=== Data ===
┌──
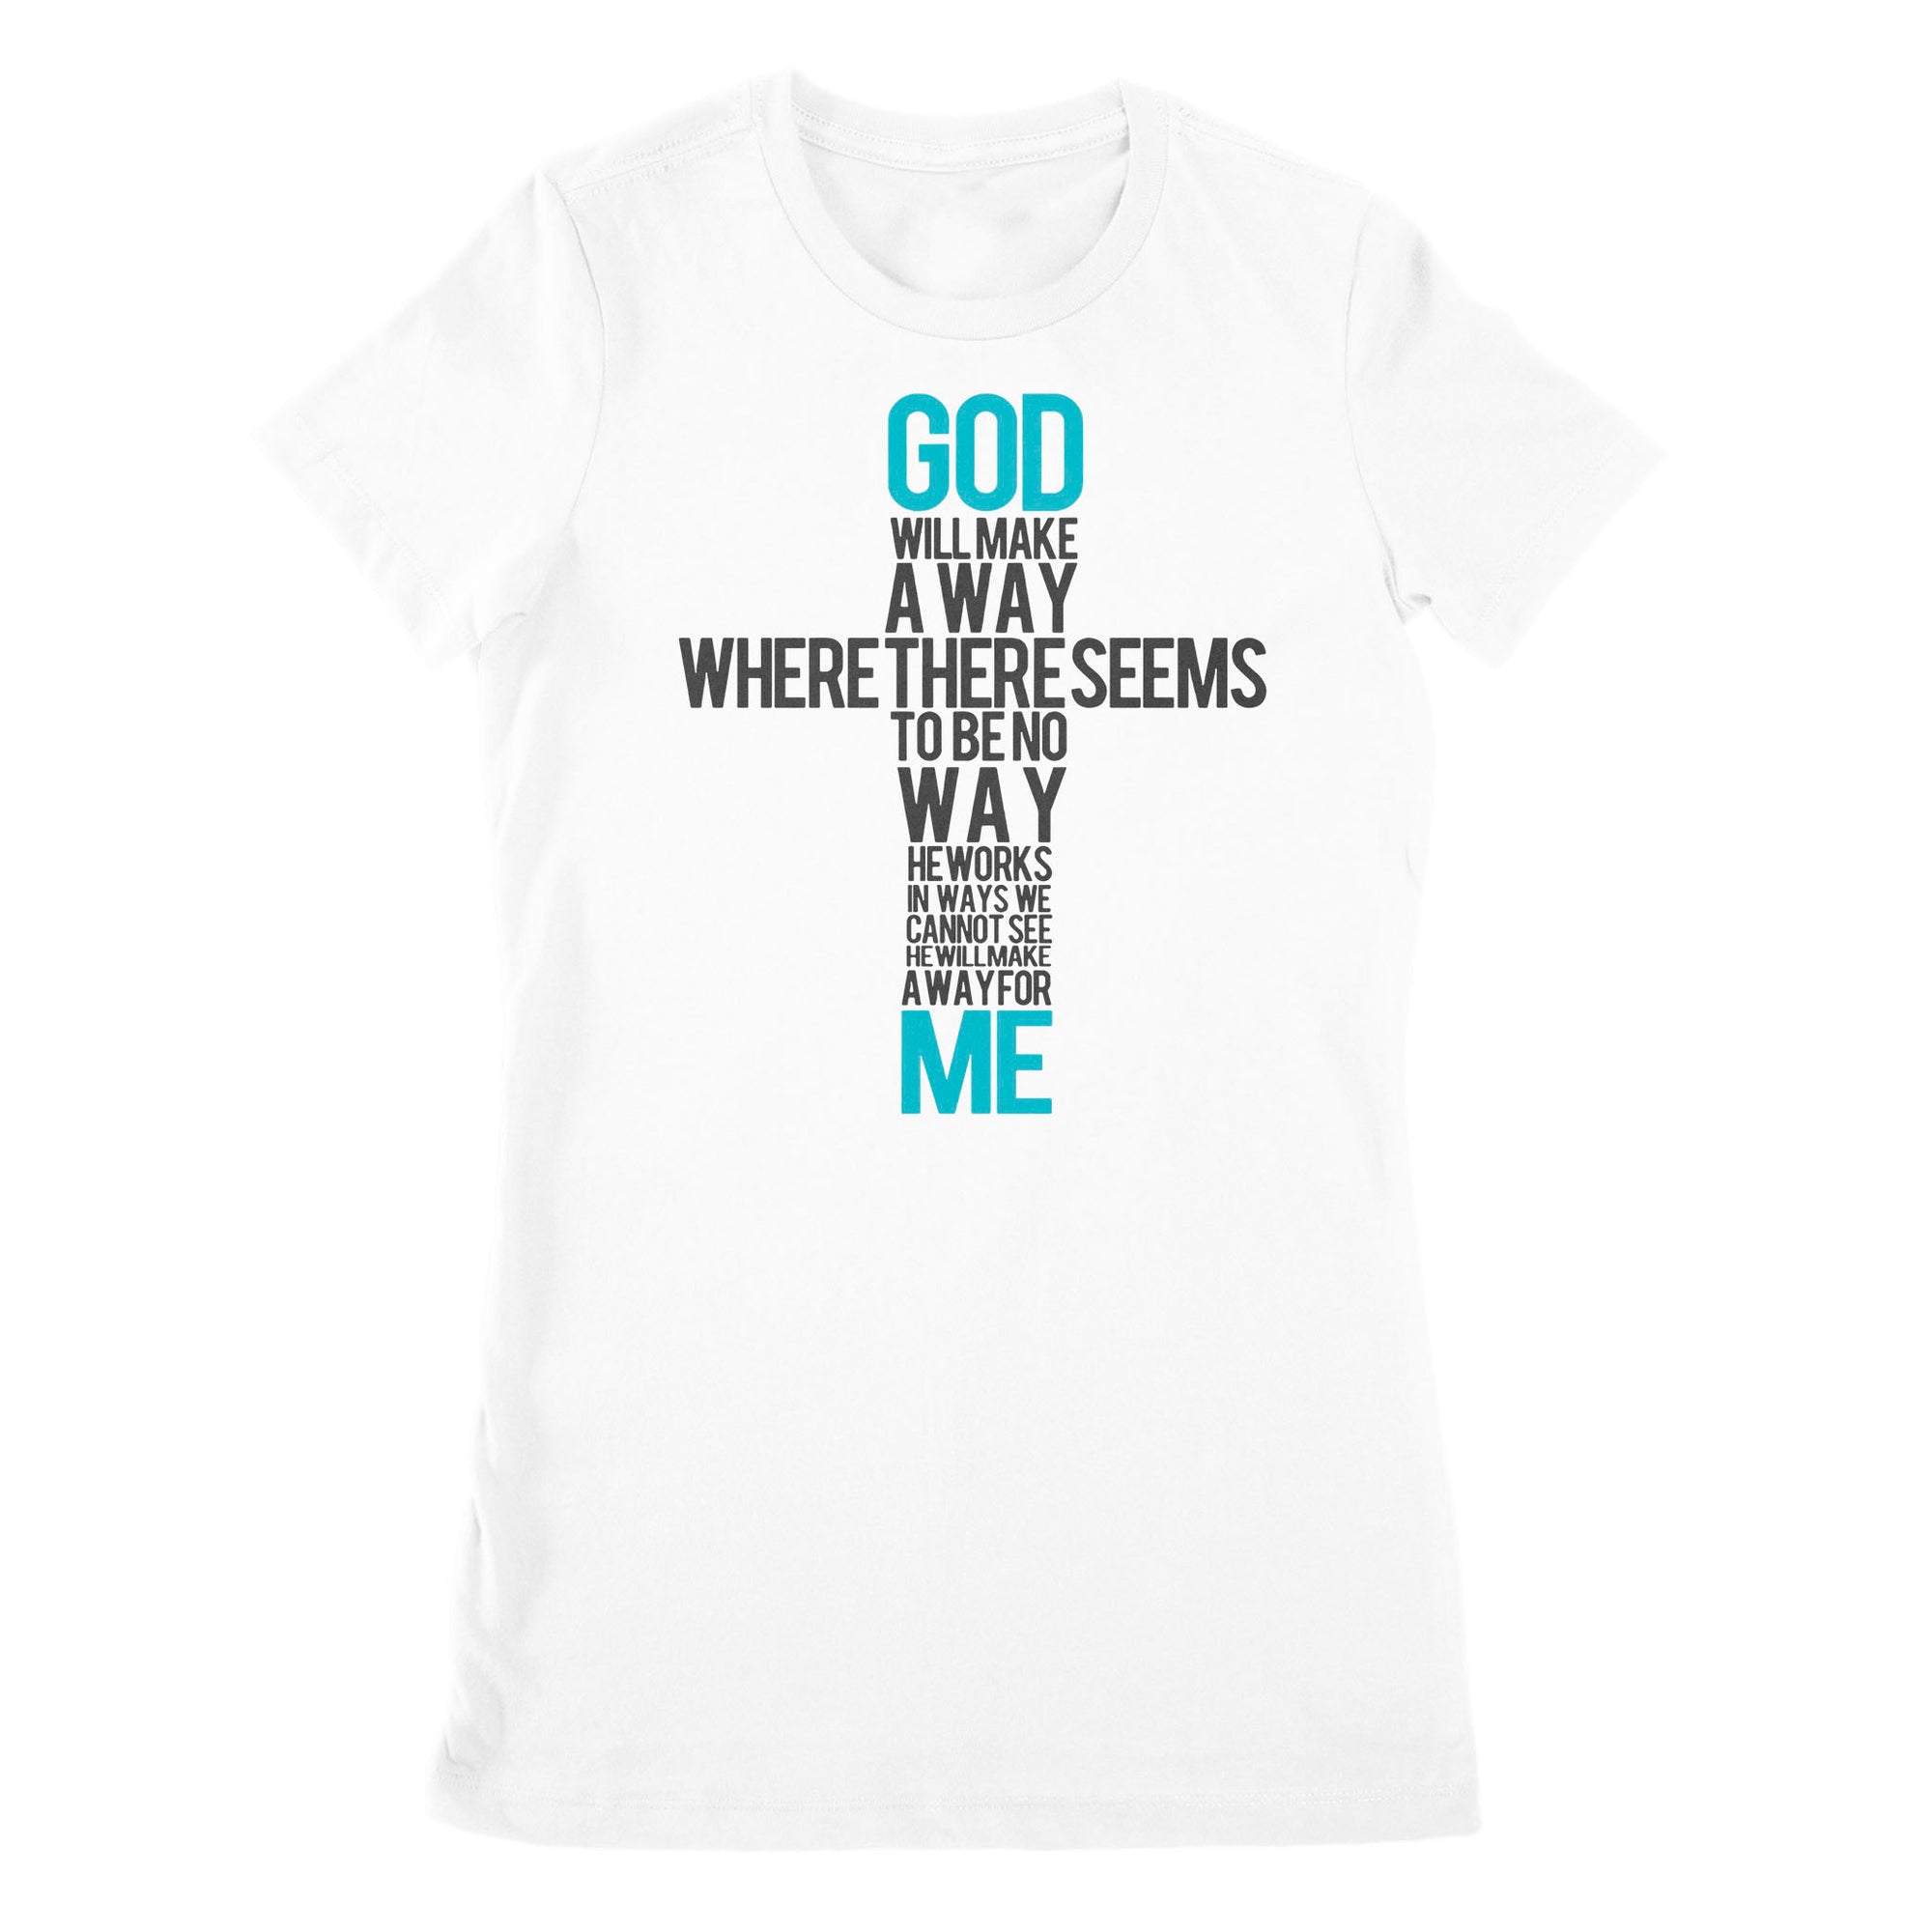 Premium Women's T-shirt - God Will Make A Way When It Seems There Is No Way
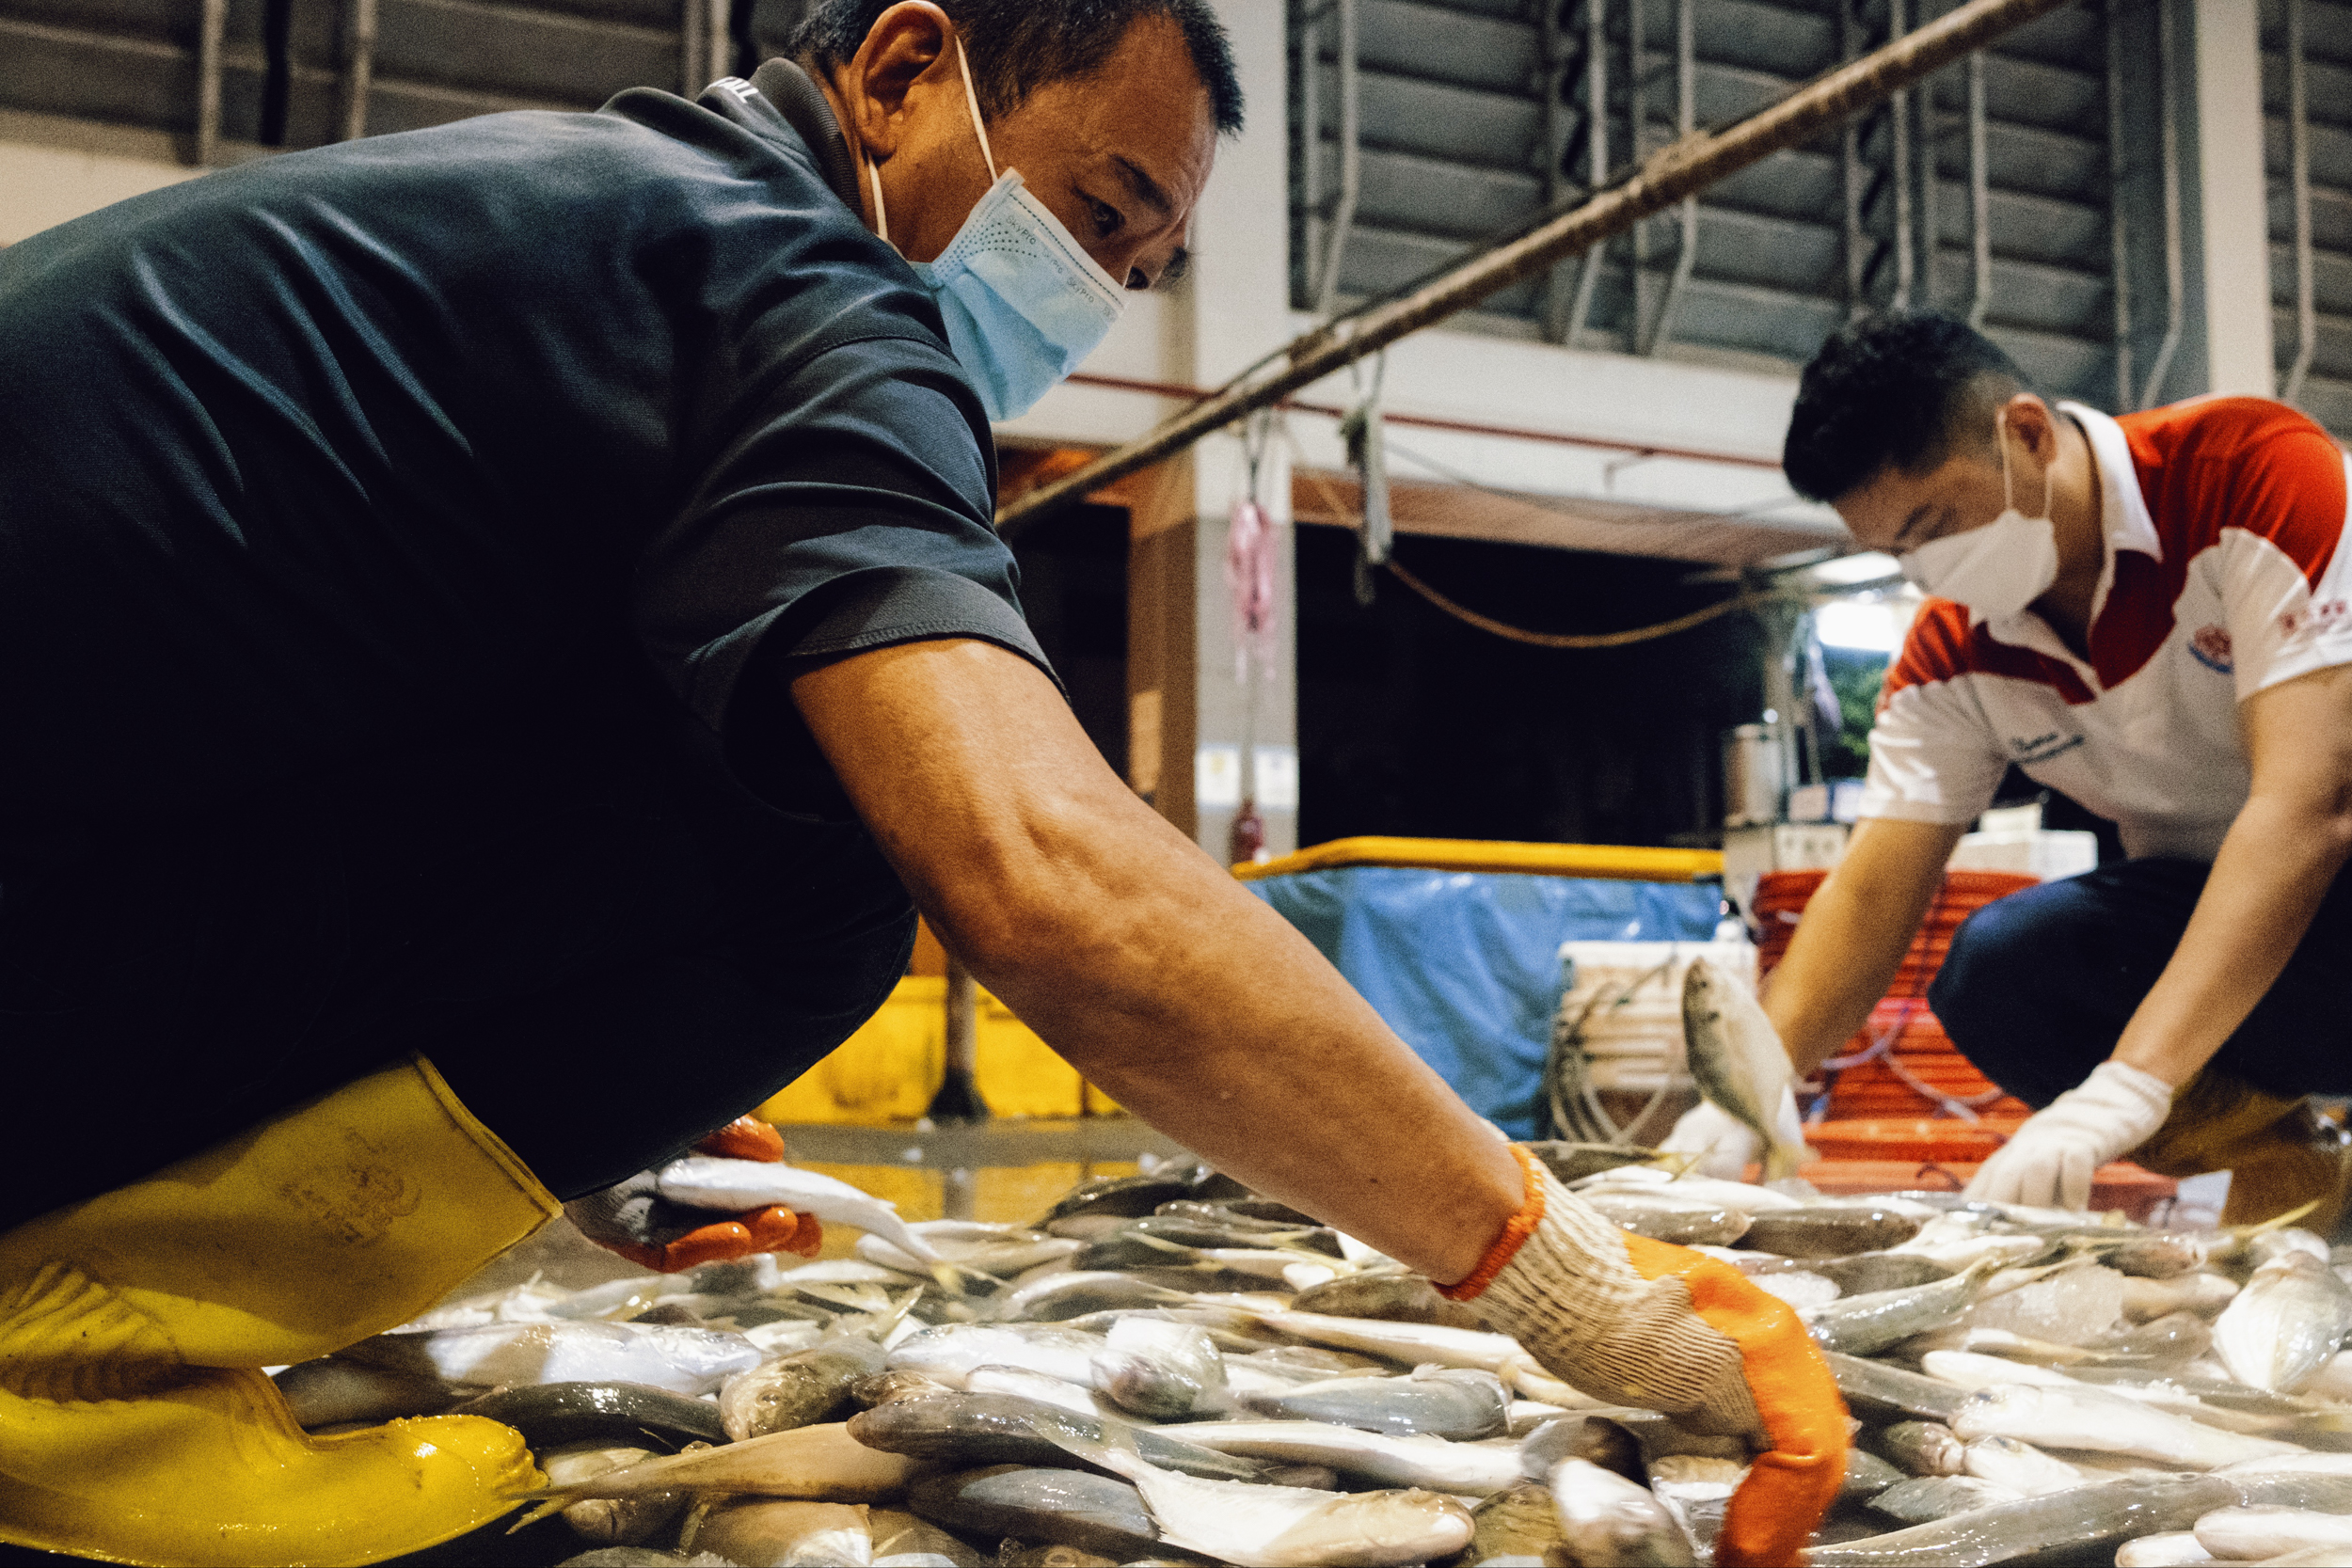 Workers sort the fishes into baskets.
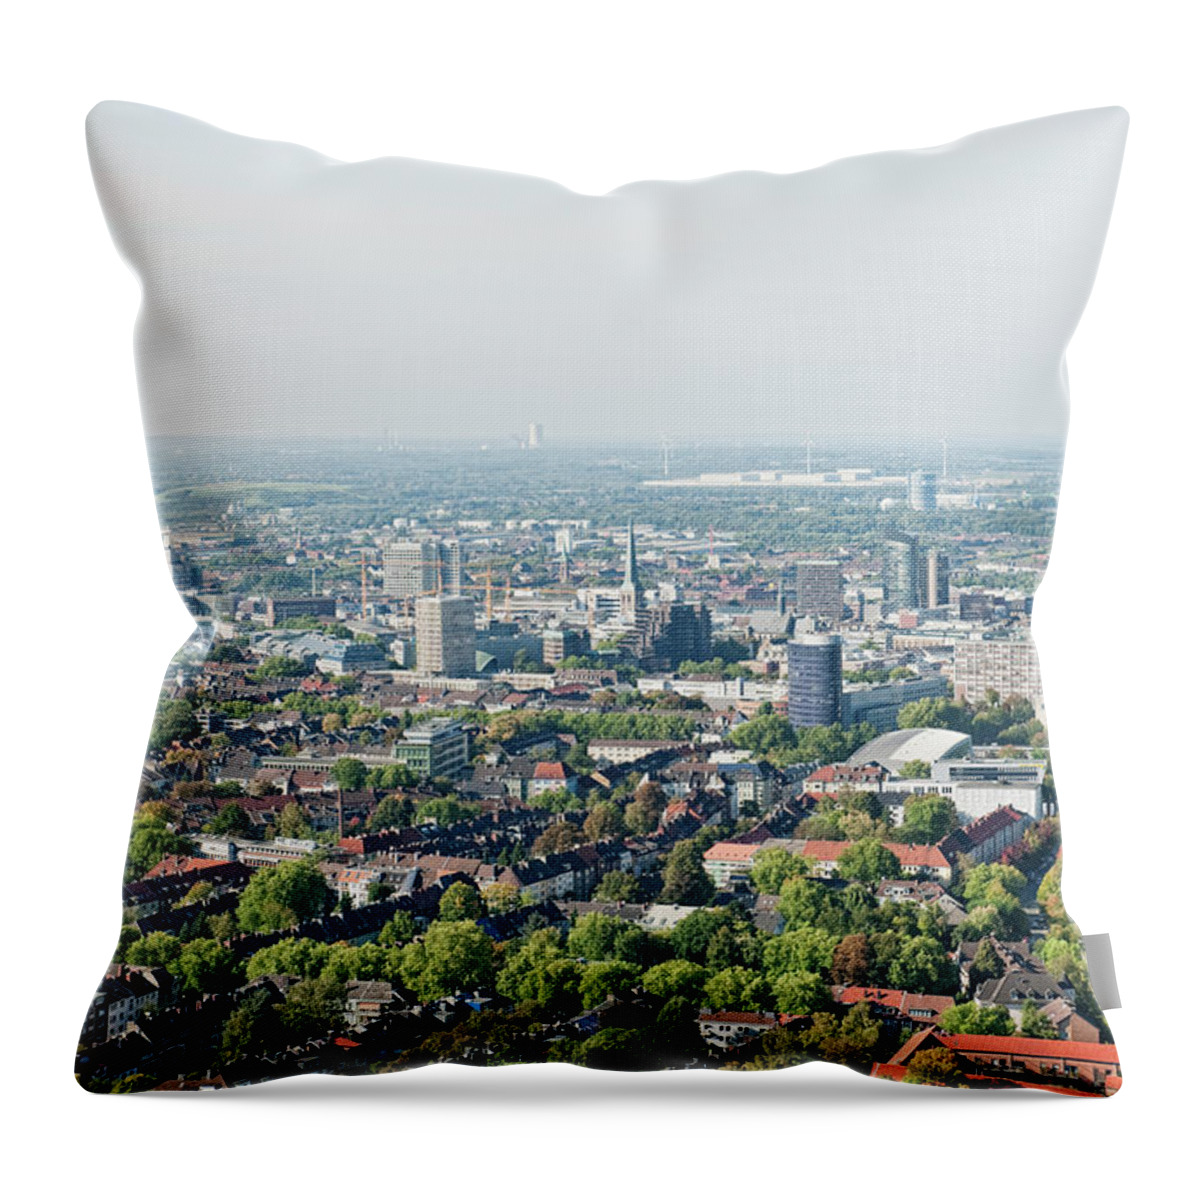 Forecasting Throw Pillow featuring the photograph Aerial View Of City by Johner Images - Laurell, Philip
└──
=== Task requirements ===
The expected output is the run of lines from the one containing "Workers sort the fishes into baskets." to the last line of the listing above, both included, word for word and free of pictures.

=== Task solution ===
 Workers sort the fishes into baskets.
 Forecasting Throw Pillow featuring the photograph Aerial View Of City by Johner Images - Laurell, Philip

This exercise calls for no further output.